Paul Dösch

Personal information
- Born: 11 May 1998 (age 28) Germany

Sport
- Sport: Field hockey
- Position: Defender
- Club: Berliner HC

Youth career
- Years: Team
- 0000–2010: Berliner HC
- 2010–2014: Blau-Weiss Berlin

Senior career
- Years: Team / Caps / Goals
- 2014–2019: Blau-Weiss Berlin / - / -
- 2019–present: Berliner HC / - / -

National team
- Years: Team / Caps / Goals
- 2017–2019: Germany U21 / 17 / -
- 2018–present: Germany (indoor) / 16 / (16)
- 2021–present: Germany / 12 / (1)

Medal record
Representing Germany
Men's field hockey
EuroHockey Junior Championship
| Gold medal – first place | 2019 Valencia |  |
| Bronze medal – third place | 2017 Valencia |  |
Men's indoor hockey
FIH Indoor World Cup
| Gold medal – first place | 2025 Poreč |  |
EuroHockey Indoor Championship
| Gold medal – first place | 2020 Berlin |  |
| Gold medal – first place | 2024 Leuven |  |
| Silver medal – second place | 2022 Hamburg |  |
| Bronze medal – third place | 2018 Antwerp |  |

= Paul Dösch =

German field hockey player (born 1998)

Paul Dösch (born 11 May 1998) is a German field hockey player who plays as a defender for Bundesliga club Berliner HC and the Germany national team.

==Club career==
Dösch played in the youth ranks of Berliner HC until 2010, when he switched to Blau-Weiss Berlin. In 2019 he returned to Berliner HC.

==International career==
===Junior national team===
Dösch made his debut for the German under-21 team in 2017. His first appearance was during a test series against the Netherlands in Mönchengladbach, Germany. Later that year he won a bronze medal with the junior team at the EuroHockey Junior Championship in Valencia, Spain.

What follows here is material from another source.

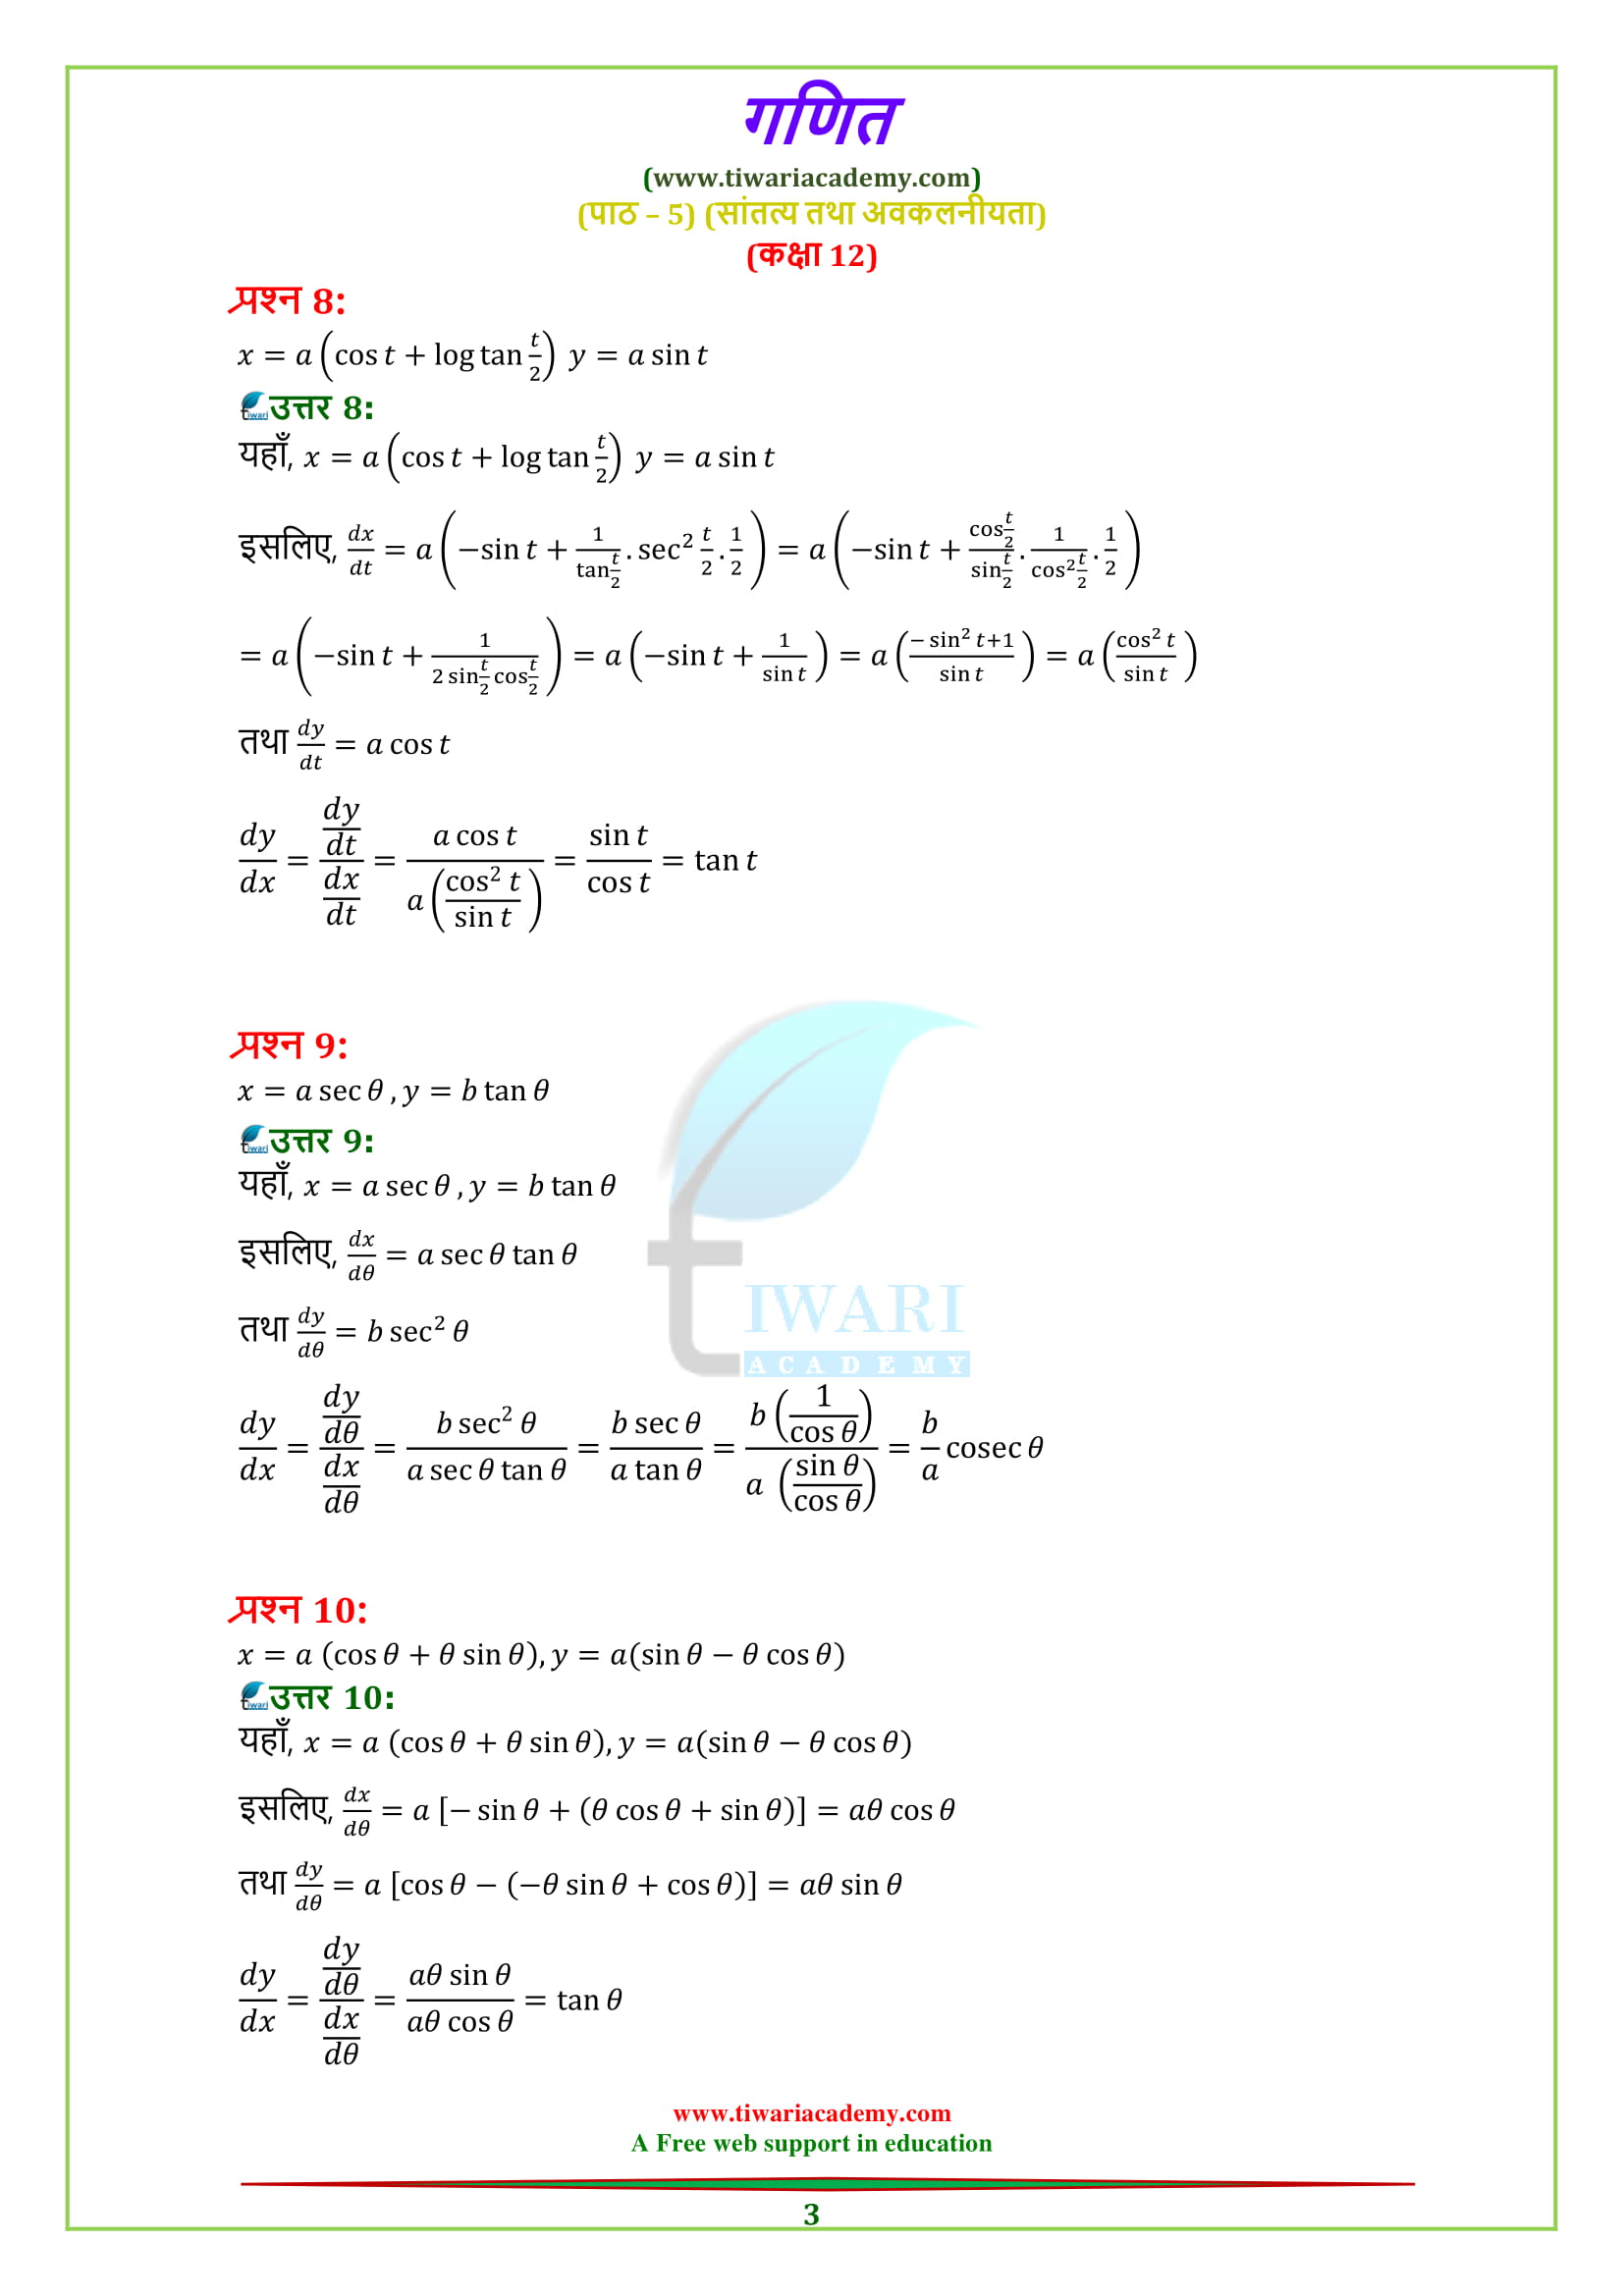 NCERT Solutions for Class 12 Maths Chapter 5 Exercise 5.6 Questions 1, 2, 3, 4, 5, 6, 7, 8, 9, 10

His final year with the junior team was 2019. He made multiple appearances throughout the year, competing in numerous test matched and at an eight-nations tournament in Madrid, Spain. He finished his junior career on a high, winning gold at the EuroHockey Junior Championship in Valencia, Spain.

===Die Honamas===
Dösch made his debut for Die Honamas in 2021, during season two of the FIH Pro League.